PROMPT => Every line below from the one with "BLACK TRUE ROYAL" through the one with "Chapter 18 Parental" should be retyped exactly, both ends included; no other lines and no pictures.

*** Opening DATA ***

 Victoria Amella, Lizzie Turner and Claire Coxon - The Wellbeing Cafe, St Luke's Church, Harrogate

*** Closing DATA ***
*** Opening DATA ***

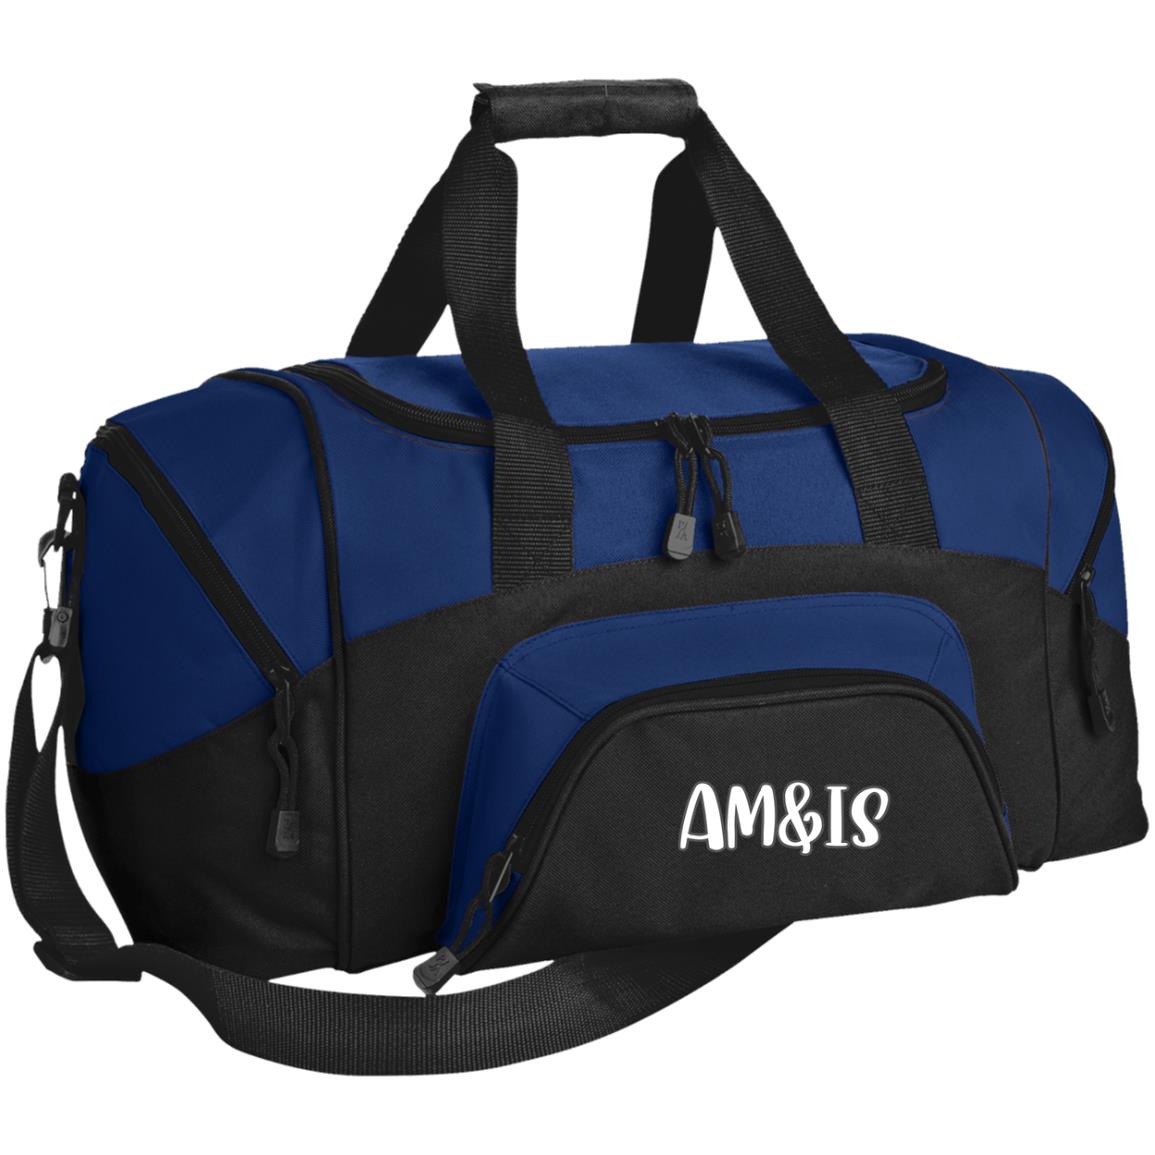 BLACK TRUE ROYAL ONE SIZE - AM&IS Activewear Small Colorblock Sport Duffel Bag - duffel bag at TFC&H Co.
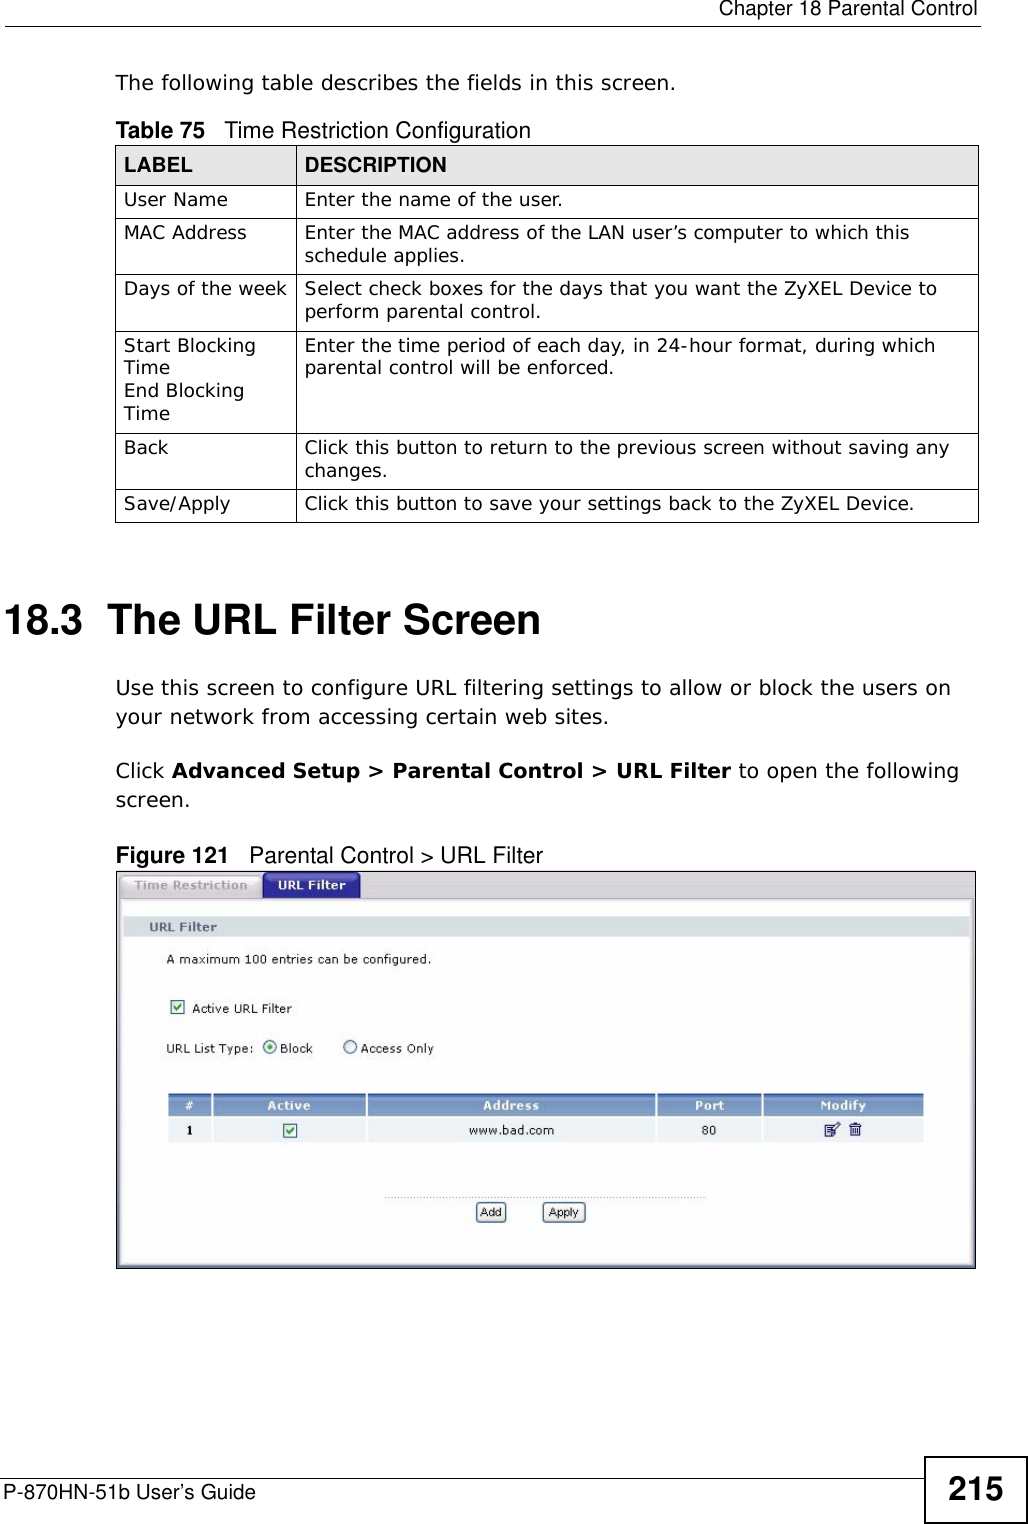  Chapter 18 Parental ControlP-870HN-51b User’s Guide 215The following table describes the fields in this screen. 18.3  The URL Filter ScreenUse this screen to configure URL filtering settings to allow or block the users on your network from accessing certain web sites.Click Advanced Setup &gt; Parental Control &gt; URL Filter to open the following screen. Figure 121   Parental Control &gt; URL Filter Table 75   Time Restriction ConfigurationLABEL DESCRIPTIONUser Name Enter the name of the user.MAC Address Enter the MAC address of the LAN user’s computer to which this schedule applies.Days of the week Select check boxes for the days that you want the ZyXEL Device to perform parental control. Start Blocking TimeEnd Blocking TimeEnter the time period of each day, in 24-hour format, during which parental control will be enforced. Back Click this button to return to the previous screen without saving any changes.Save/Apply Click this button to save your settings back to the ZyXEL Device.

*** Closing DATA ***
*** Opening DATA ***

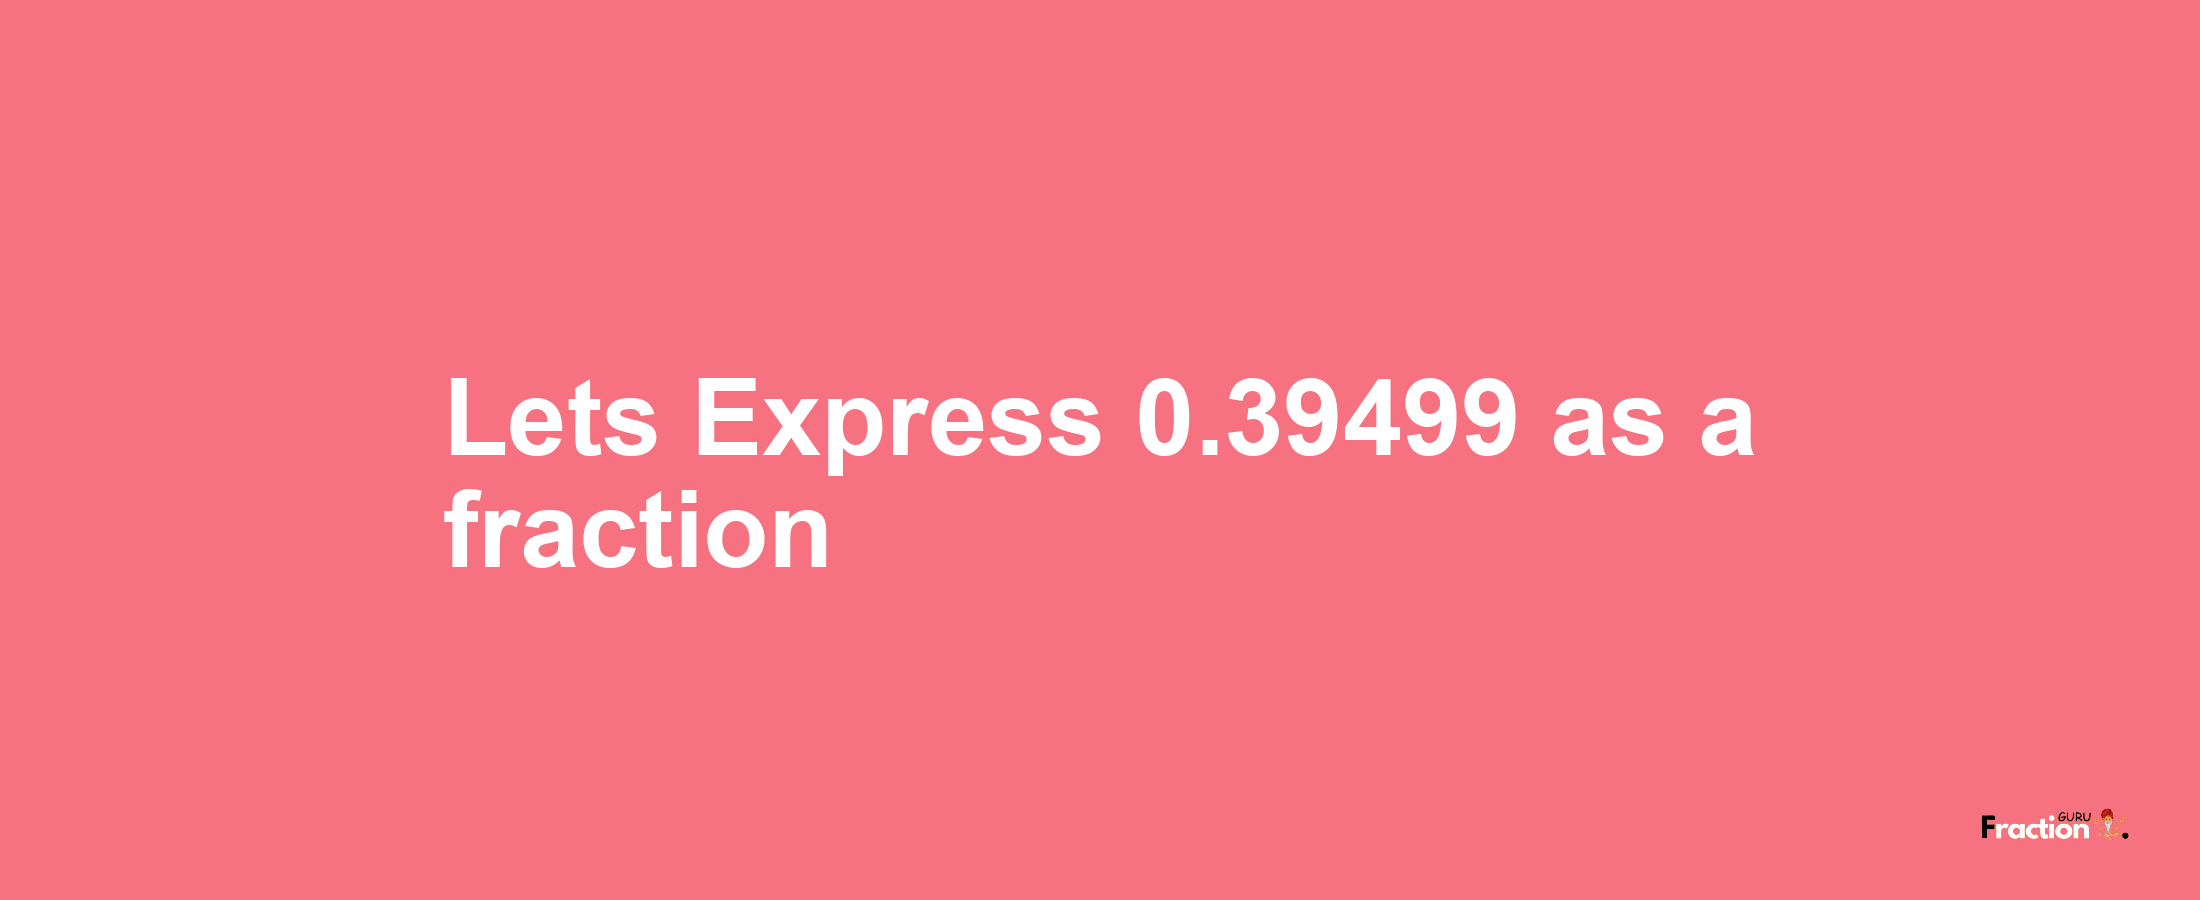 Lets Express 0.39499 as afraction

*** Closing DATA ***

EXERCISE ANSWER =>
 BLACK TRUE ROYAL ONE SIZE - AM&IS Activewear Small Colorblock Sport Duffel Bag - duffel bag at TFC&H Co.
  Chapter 18 Parental ControlP-870HN-51b User’s Guide 215The following table describes the fields in this screen. 18.3  The URL Filter ScreenUse this screen to configure URL filtering settings to allow or block the users on your network from accessing certain web sites.Click Advanced Setup &gt; Parental Control &gt; URL Filter to open the following screen. Figure 121   Parental Control &gt; URL Filter Table 75   Time Restriction ConfigurationLABEL DESCRIPTIONUser Name Enter the name of the user.MAC Address Enter the MAC address of the LAN user’s computer to which this schedule applies.Days of the week Select check boxes for the days that you want the ZyXEL Device to perform parental control. Start Blocking TimeEnd Blocking TimeEnter the time period of each day, in 24-hour format, during which parental control will be enforced. Back Click this button to return to the previous screen without saving any changes.Save/Apply Click this button to save your settings back to the ZyXEL Device.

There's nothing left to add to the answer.